Finalmente, uma grande área definitiva com 67.380m2 para o clube em um local alagadiço e pouco valorizado, que contribuiu a partir de 1961 para o crescimento do bairro da Caneleira. Apesar de ser bem maior que o Estádio Urbano Caldeira da Vila Belmiro, nenhum torcedor admite a venda do local por lembranças amargas de sua história.
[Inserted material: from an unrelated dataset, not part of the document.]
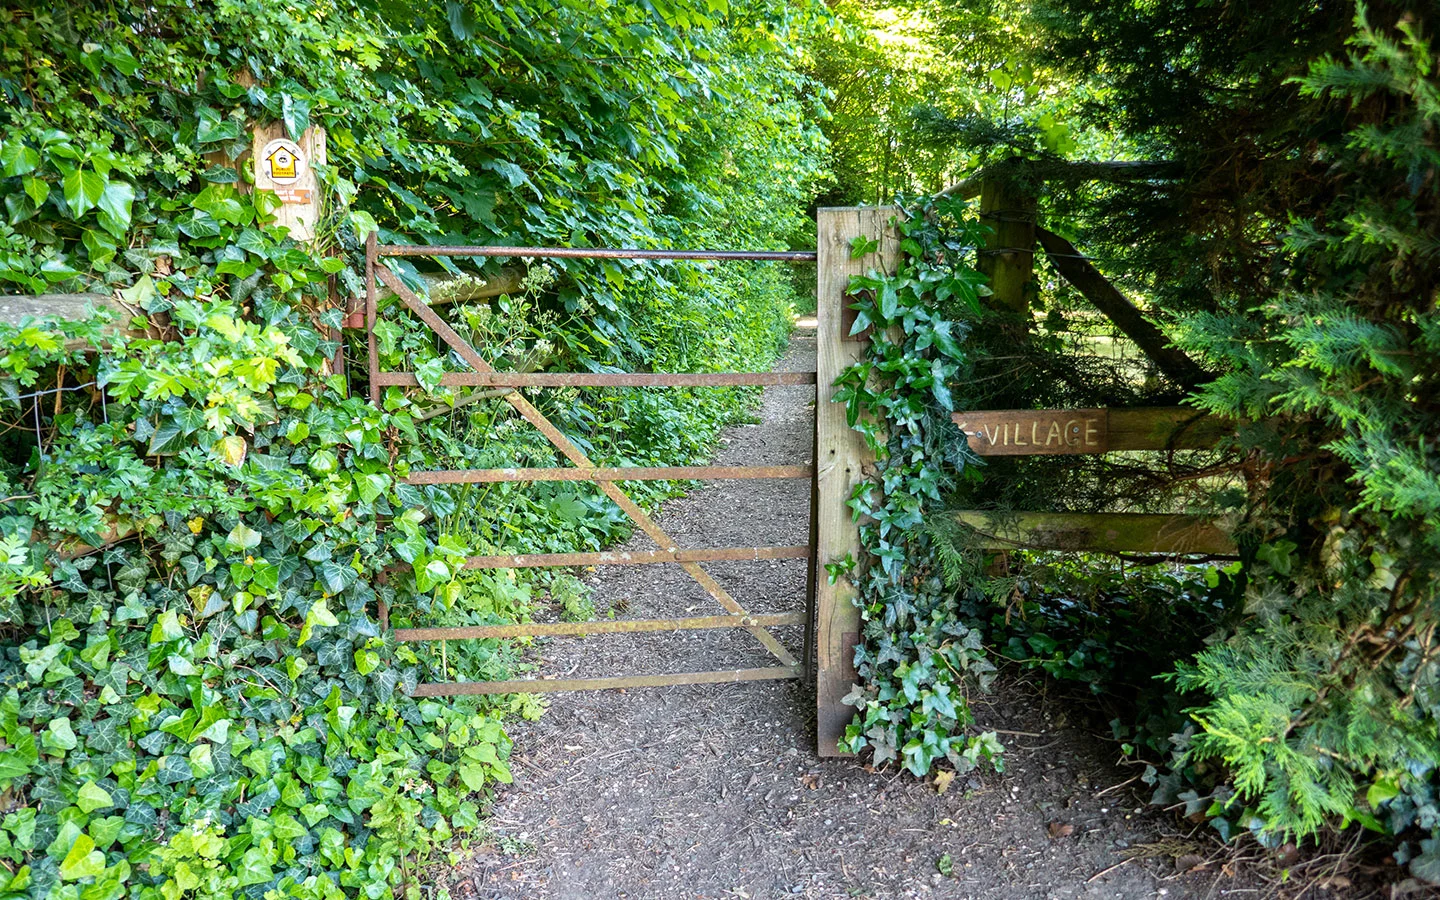 Gate and path to Lower Slaughter
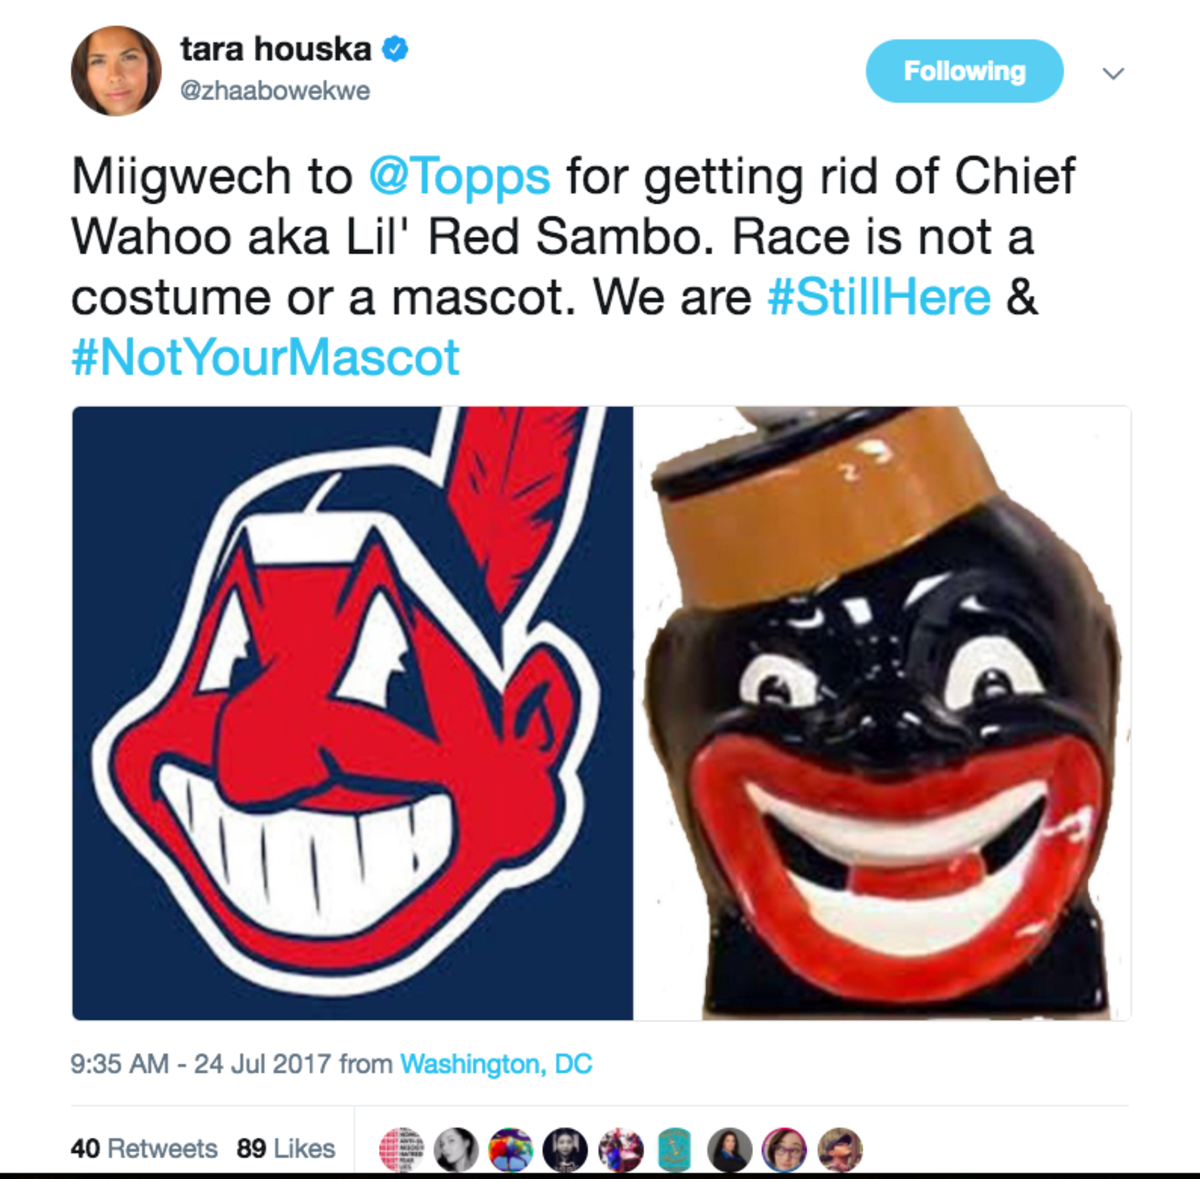 Topps, Sole Baseball Card Manufacturer For MLB, Says It Will No Longer  Print Chief Wahoo Mascot - ICT News

Em virtude das crises, em 1967 o Jabaquara passa a se dedicar a equipes amadoras, deixando o futebol profissional, para retornar somente em 1977 inserido na terceira divisão.
Em luta pela sobrevivência, este histórico clube alterna entre a segunda e a terceira divisão, como privilegiado como fundador da Federação Paulista. Em 1983, Nabi Abi Chedid aumentou o número de times na segunda divisão, inserindo o clube, mas acabou retornando à terceira. Somente conseguiu vitória no campeonato da Terceira Divisão em 1993, entre 56 equipes, e em 1995 entre os Juniores.
Em 1997, destacou-se o artilheiro Sérgio Miler, e no ranking paulista, ocupou o 9° lugar. Com uma invencibilidade de 23 jogos, o Jabaquara tornou-se campeão paulista da série B-3 de 2002 e a 11ª colocação no Campeonato Paulista da Série B-2 de 2004.
No ano de 2006, o Jabaquara fez uma de suas piores campanhas no campeonato paulista da segunda divisão e no ano de 2007, através de uma parceria com a equipe do Litoral F.C. chegou às quartas de final do Campeonato Paulista da segunda divisão.
A luta desse clube honroso e histórico fazem a paixão de seus torcedores e a simpatia dos torcedores rivais regionais São Vicente Atlético Clube(com quem faz o maior clássico da região atualmente, o Derby Praiano), Santos FC e Portuguesa Santista.
Em 2008 a equipe anexou ao seu patrimônio o Litoral Futebol Clube, clube de um projeto social idealizado por Pelé, do qual agora o Jabaquara também faz parte. Com isso a equipe conseguiu apoio para as disputas da Série B estadual e para as categorias de base, alem de um patrocínio com a empresa alemã fornecedora de materiais esportivos Puma. Além do Jabaquara, o recém criado Monte Alegre e o Paulista de Jundiaí também fazem parte do projeto.
Títulos Estaduais
Vice-Campeonato Paulista: 1927.
Campeonato Paulista – Série A3: 1993.
Campeonato Paulista Segunda Divisão B3: 2002.